> What you should do:
Your copy of the data should match it exactly, leaving out only the pictures.

> Stored data:

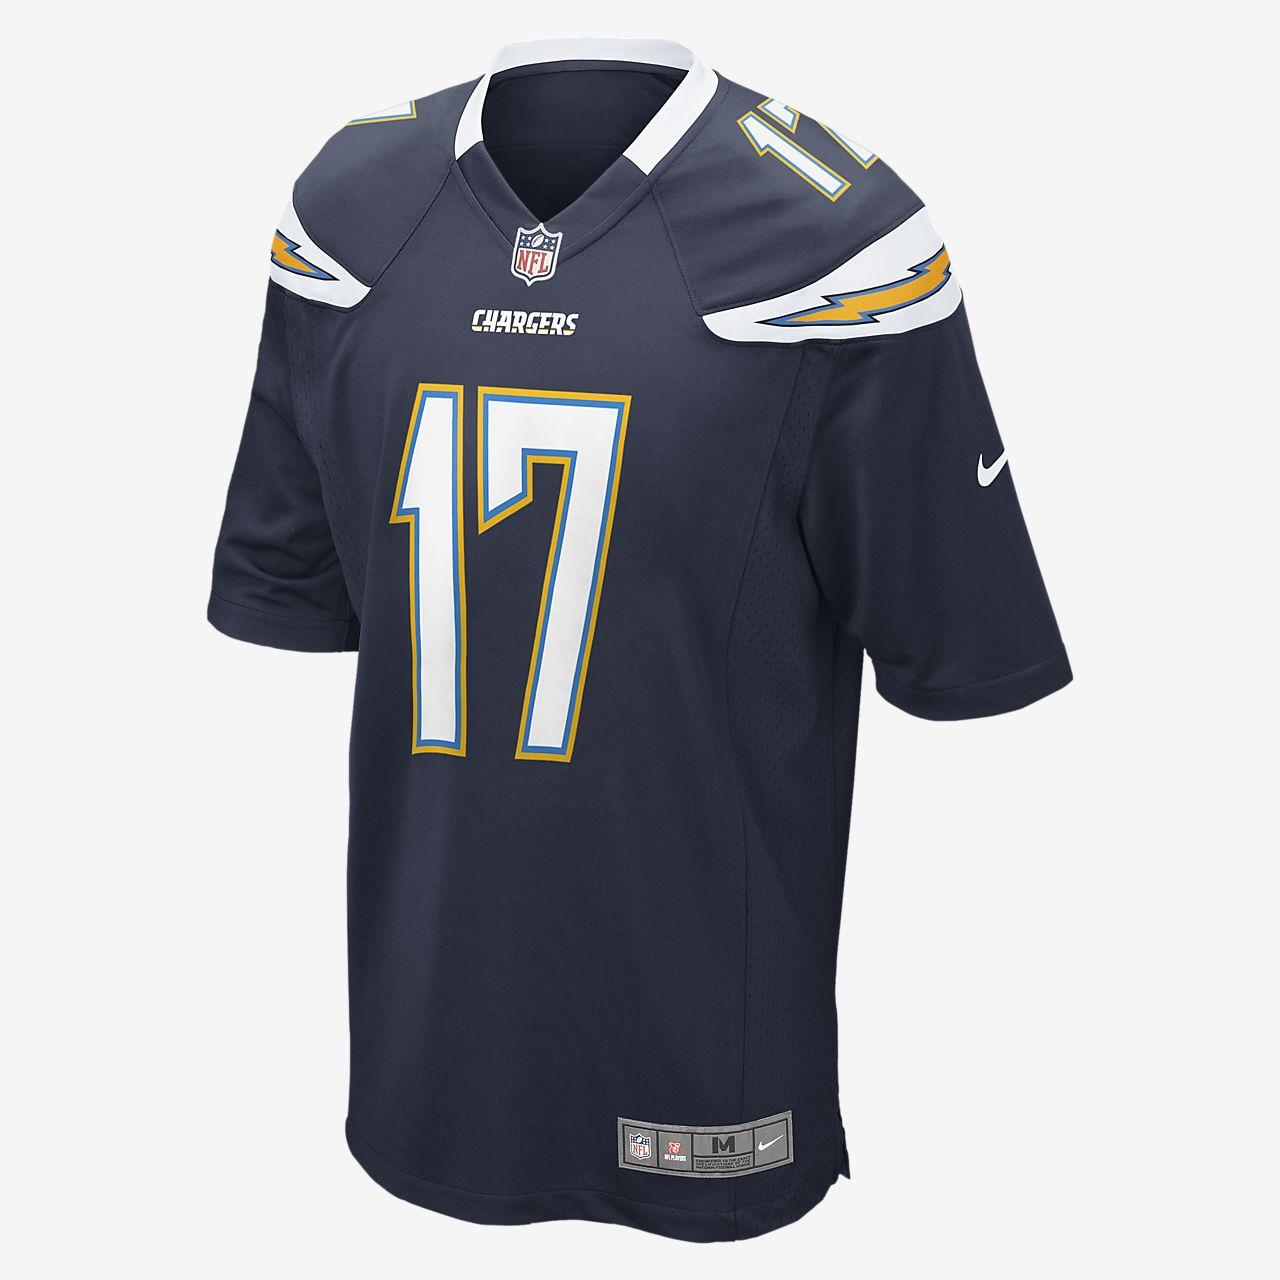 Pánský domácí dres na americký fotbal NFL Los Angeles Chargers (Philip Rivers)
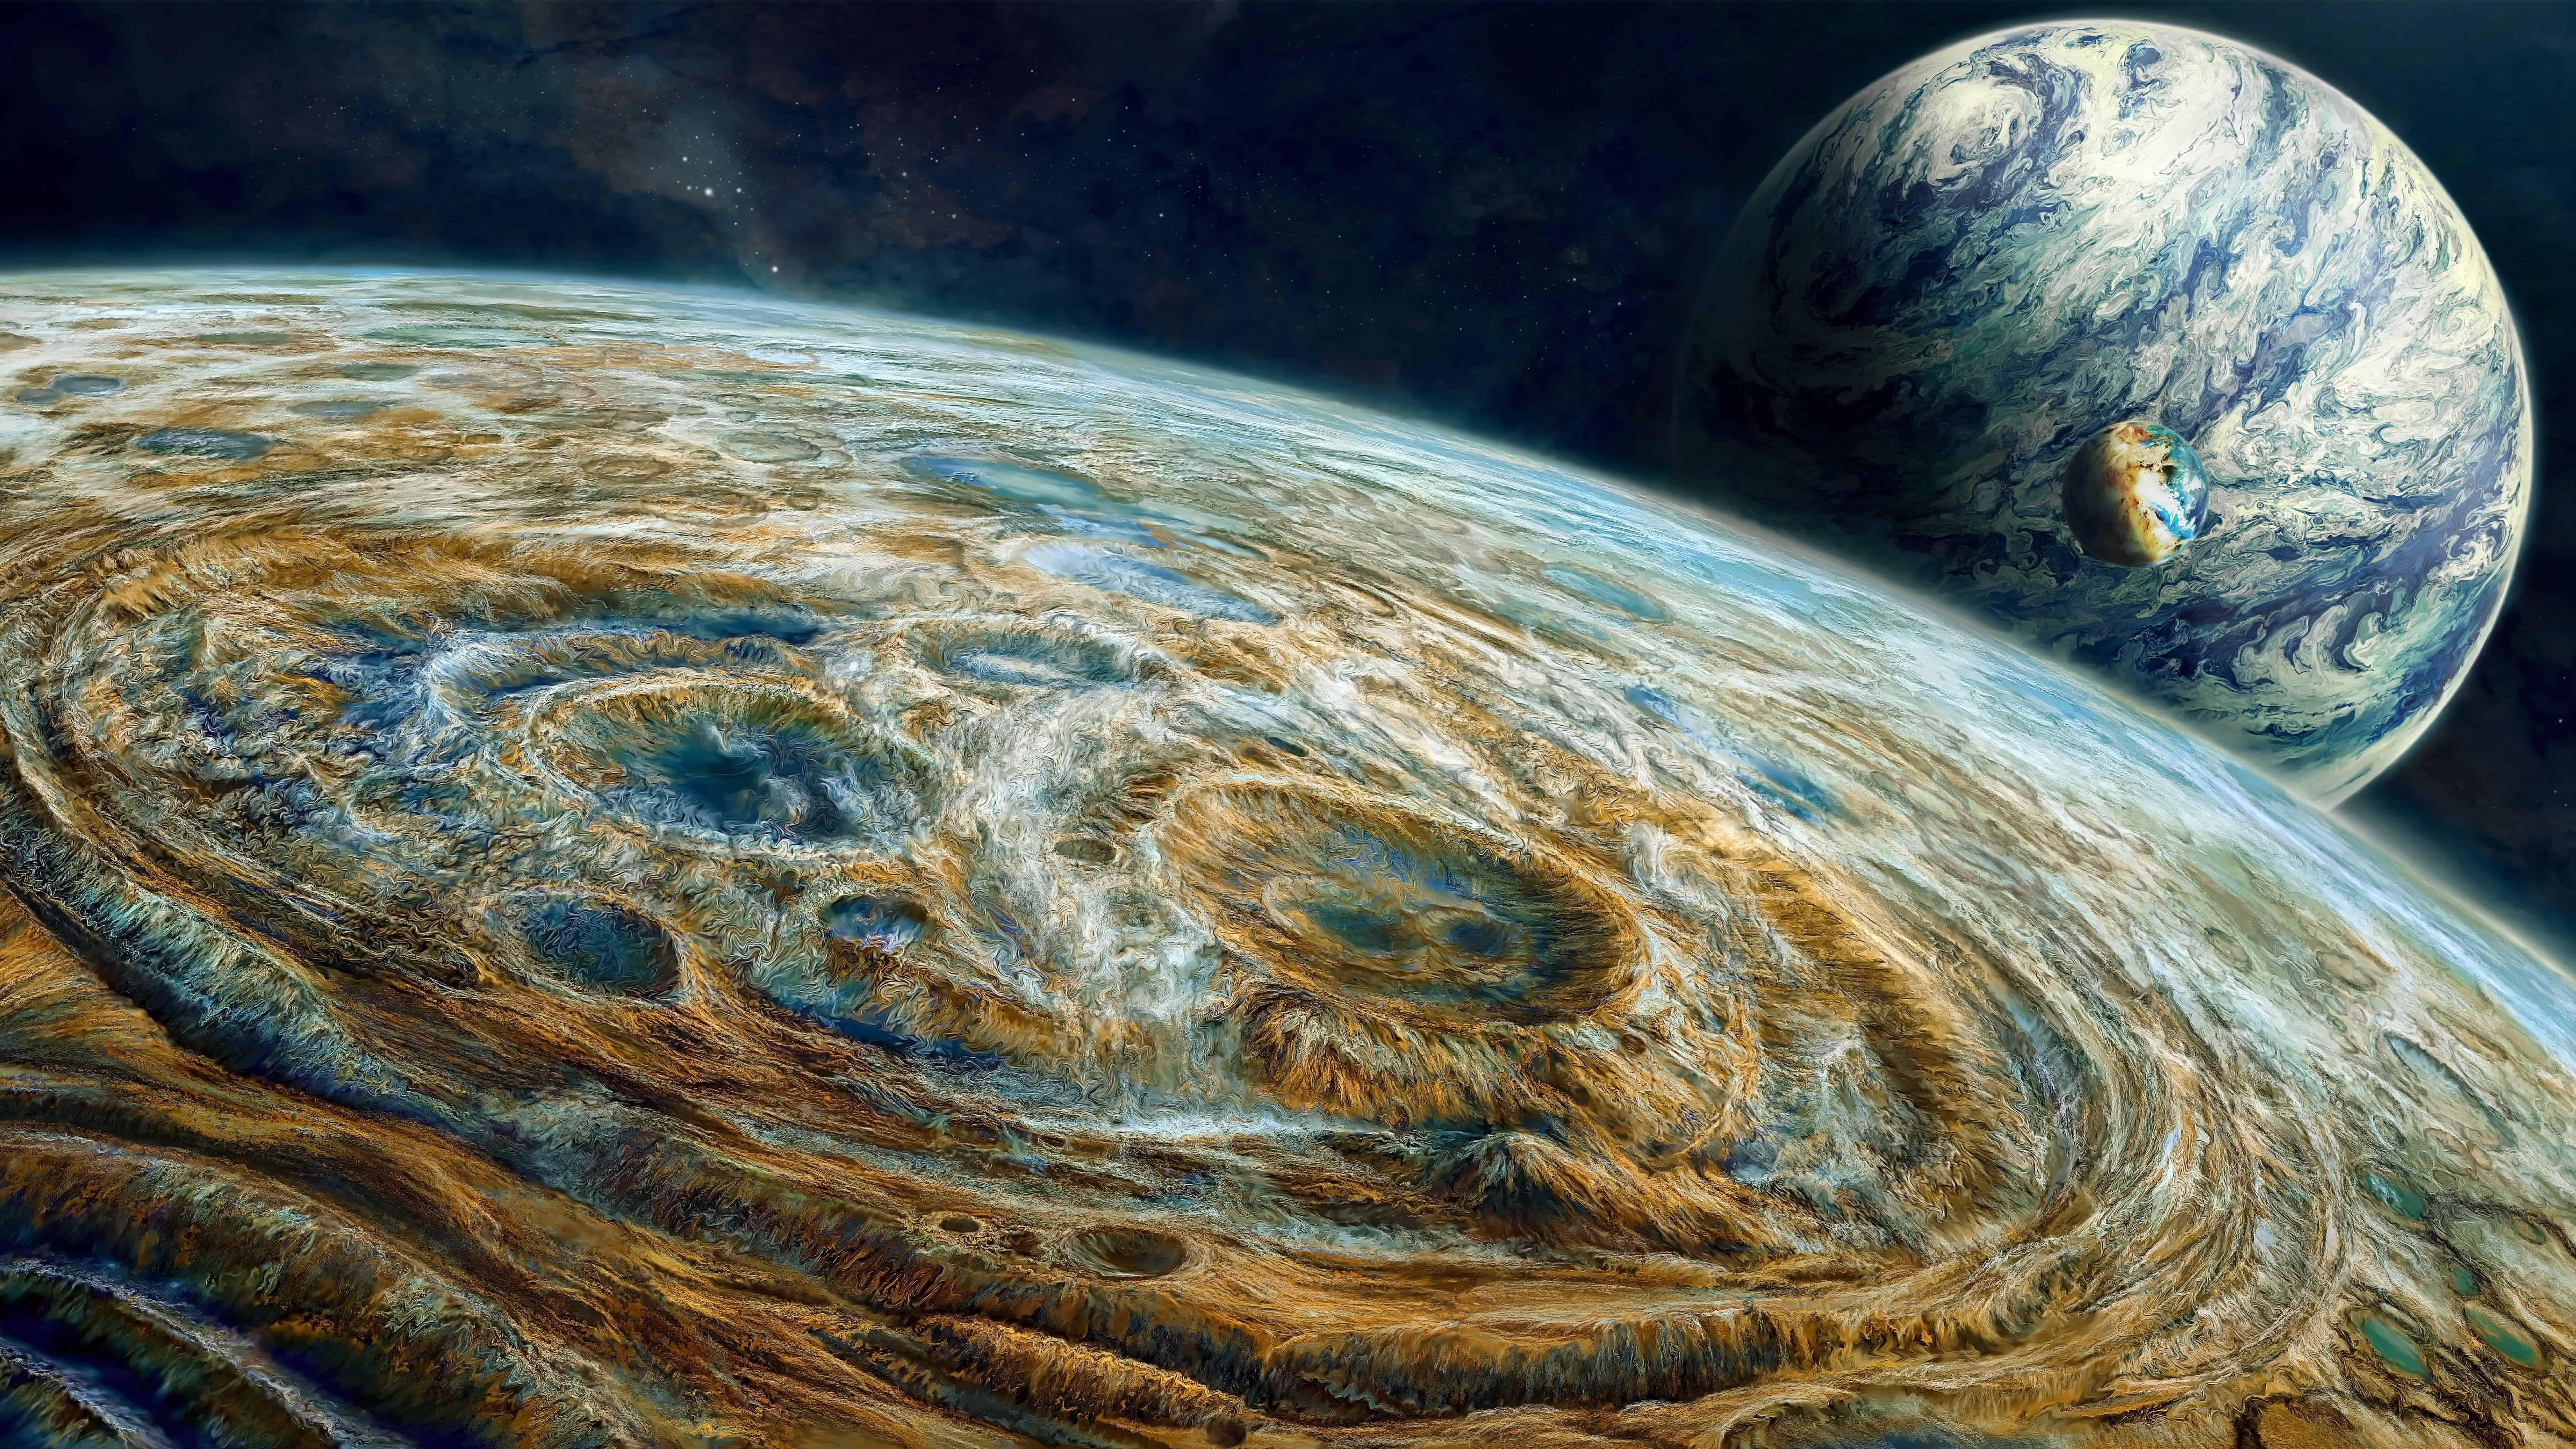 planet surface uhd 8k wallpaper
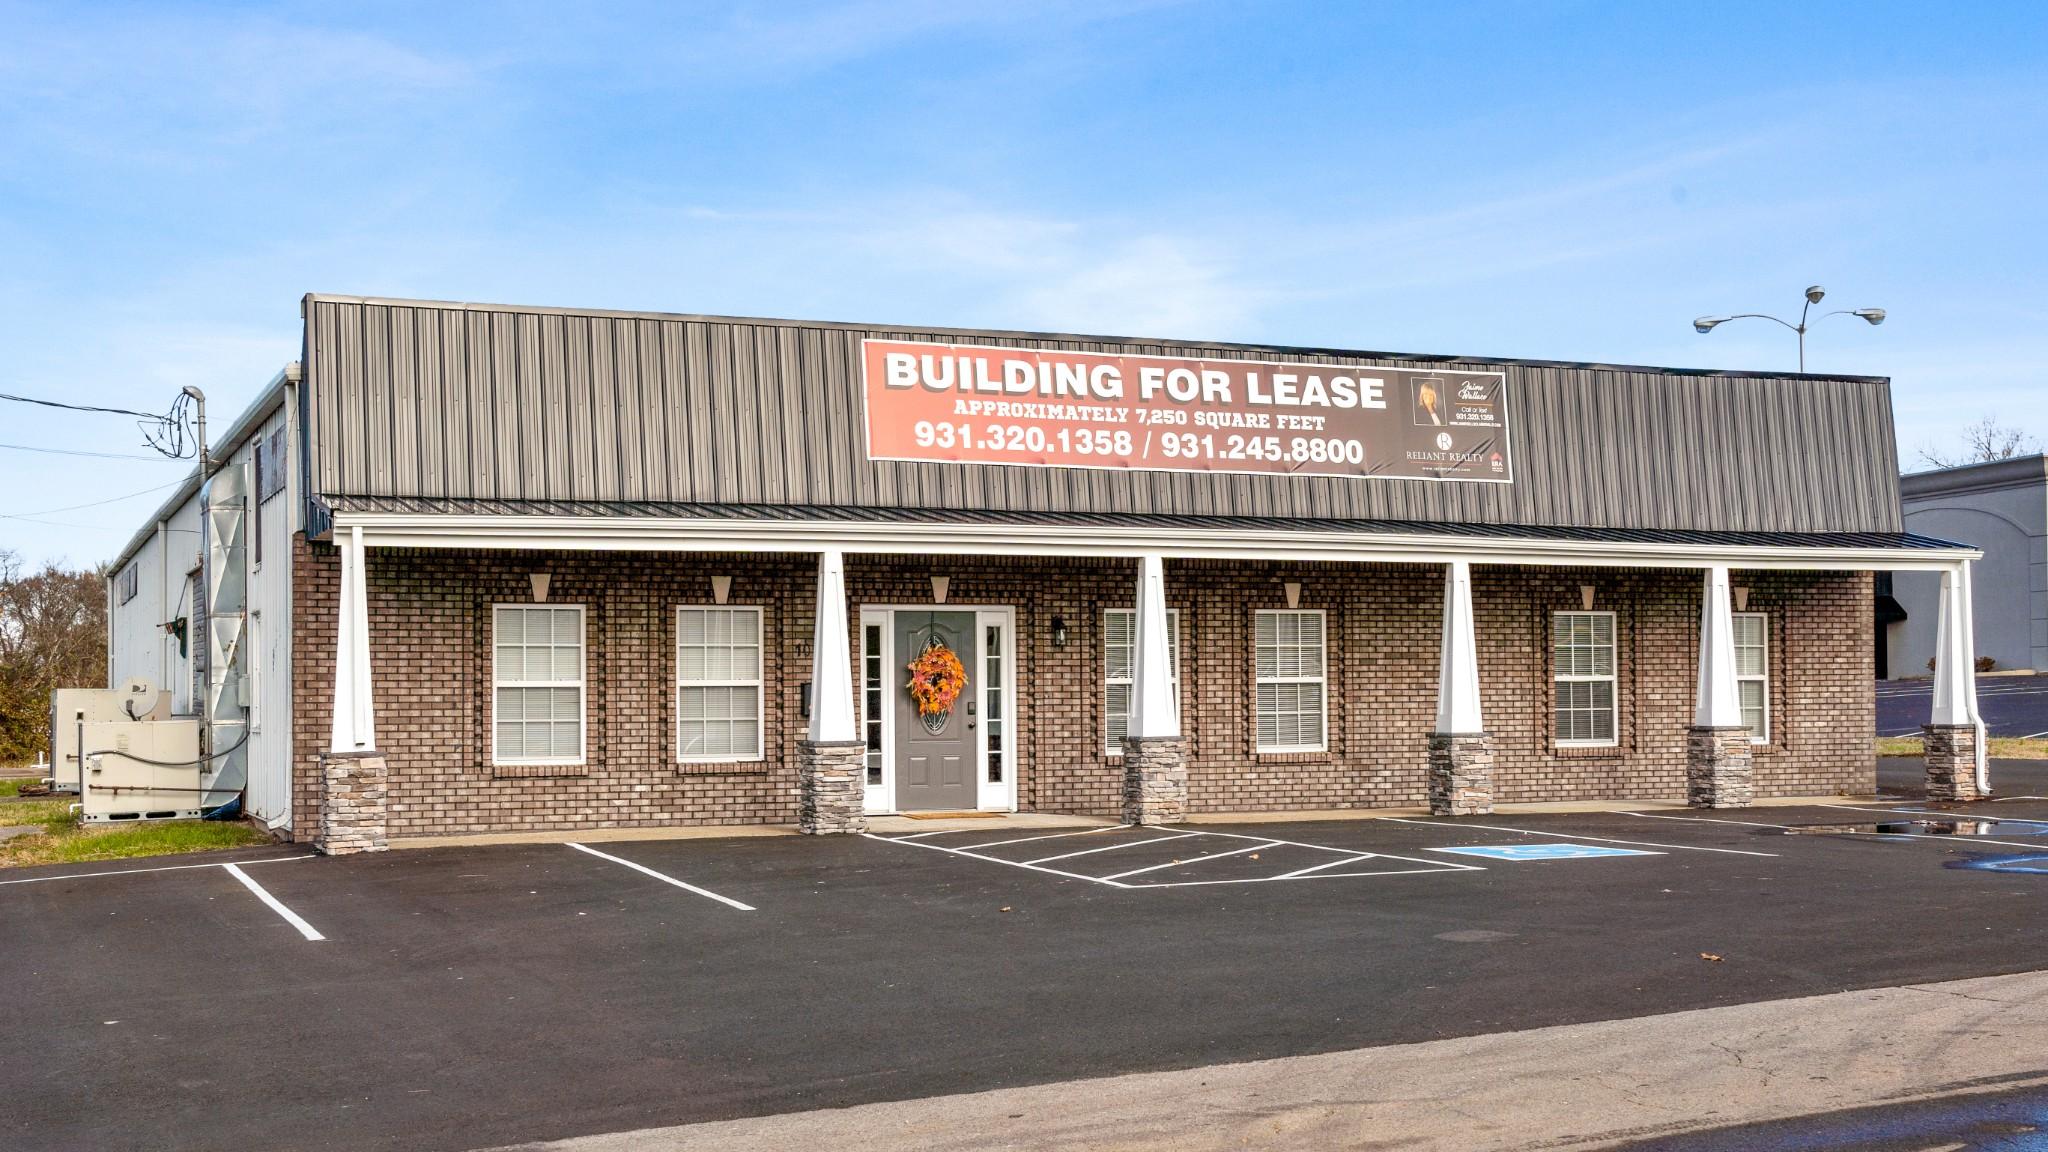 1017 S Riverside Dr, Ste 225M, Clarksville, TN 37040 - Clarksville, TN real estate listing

> Result for this exercise:
 Pánský domácí dres na americký fotbal NFL Los Angeles Chargers (Philip Rivers)
 planet surface uhd 8k wallpaper
 1017 S Riverside Dr, Ste 225M, Clarksville, TN 37040 - Clarksville, TN real estate listing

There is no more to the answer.